The kubernetes nfs client provisioner manifest configured for NFS storage provisioning.

With that done, pods can now request persistent storage with a Persistent Volume Claim (PVC). The NFS client provisioner will create a directory for the pod (named after the pod itself) on the NFS mount and mount that to your pod.

Final Thoughts

So far the multipurpose FreeNAS server build has been very stable. It has been happily serving our home media streaming, storage, and shared storage needs.

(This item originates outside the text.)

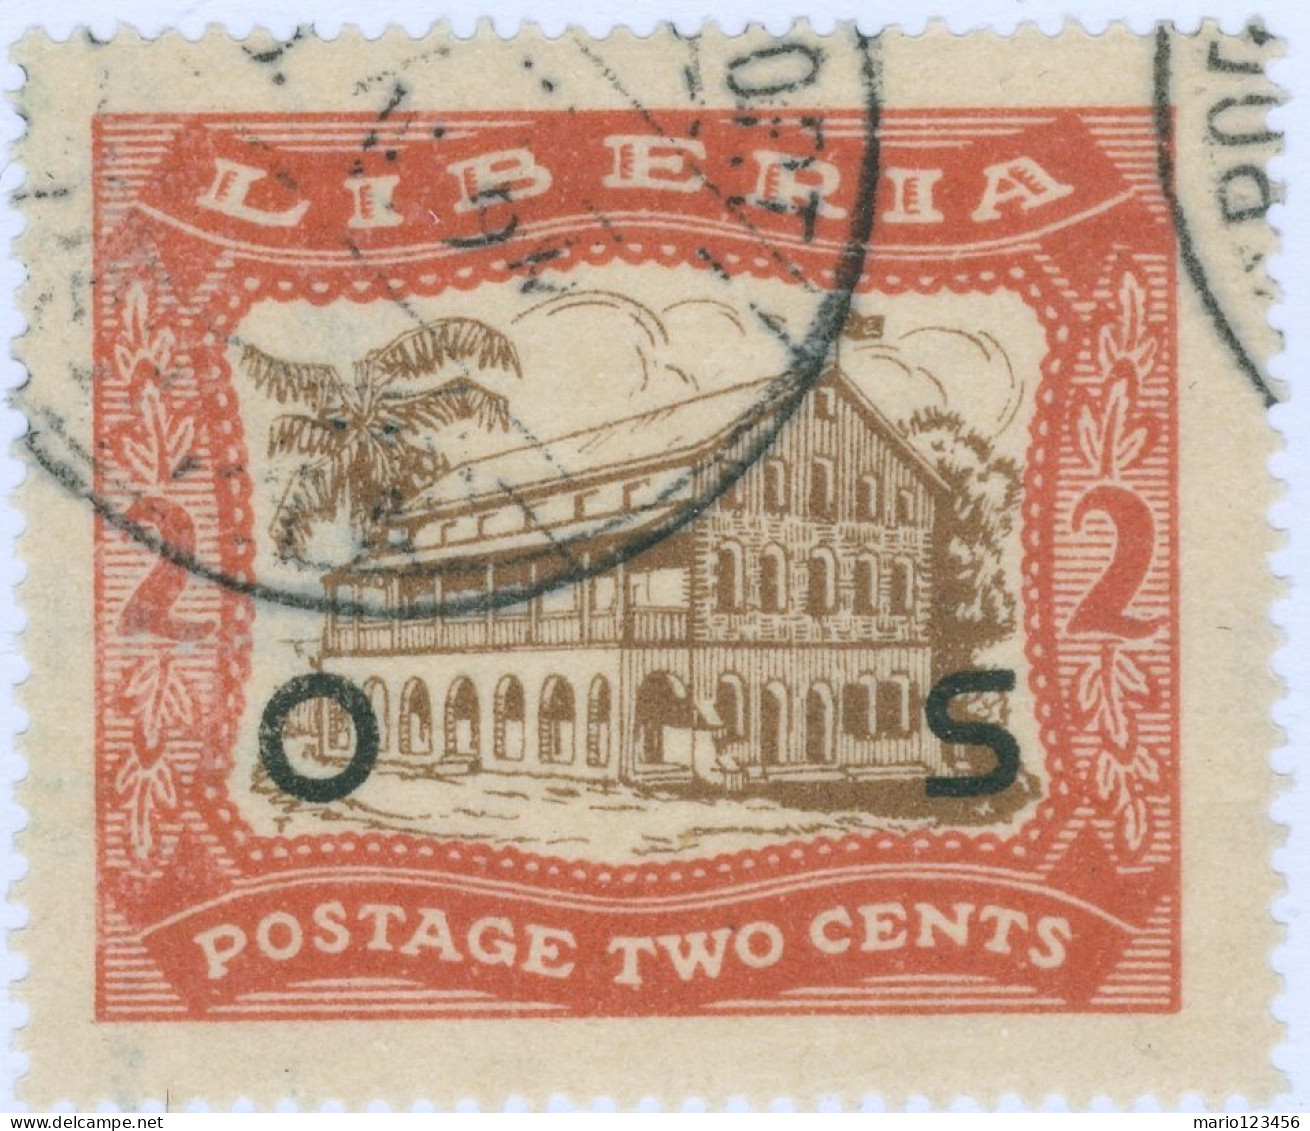 LIBERIA, PAESAGGI, LANDSCAPE, 1923, FRANCOBOLLI USATI Mi:LR D136, Scott:LR O142, Yt:LR S134 (0,60) - Liberia

It’s also providing persistent storage for my Kubernetes lab environment which is great, as I prefer not to use the not-so-durable microSD cards on the Raspberry Pi’s themselves for storage.

The disk configuration size seems fine for our needs. At the moment we’re only using ~20% of the total storage, so there is plenty of room to grow.

I’m also happy with the ability to run custom VMs or Jails for additional services, though I might need to add another 16GB of ECC RAM in the future to support more as ZFS does well with plenty of memory.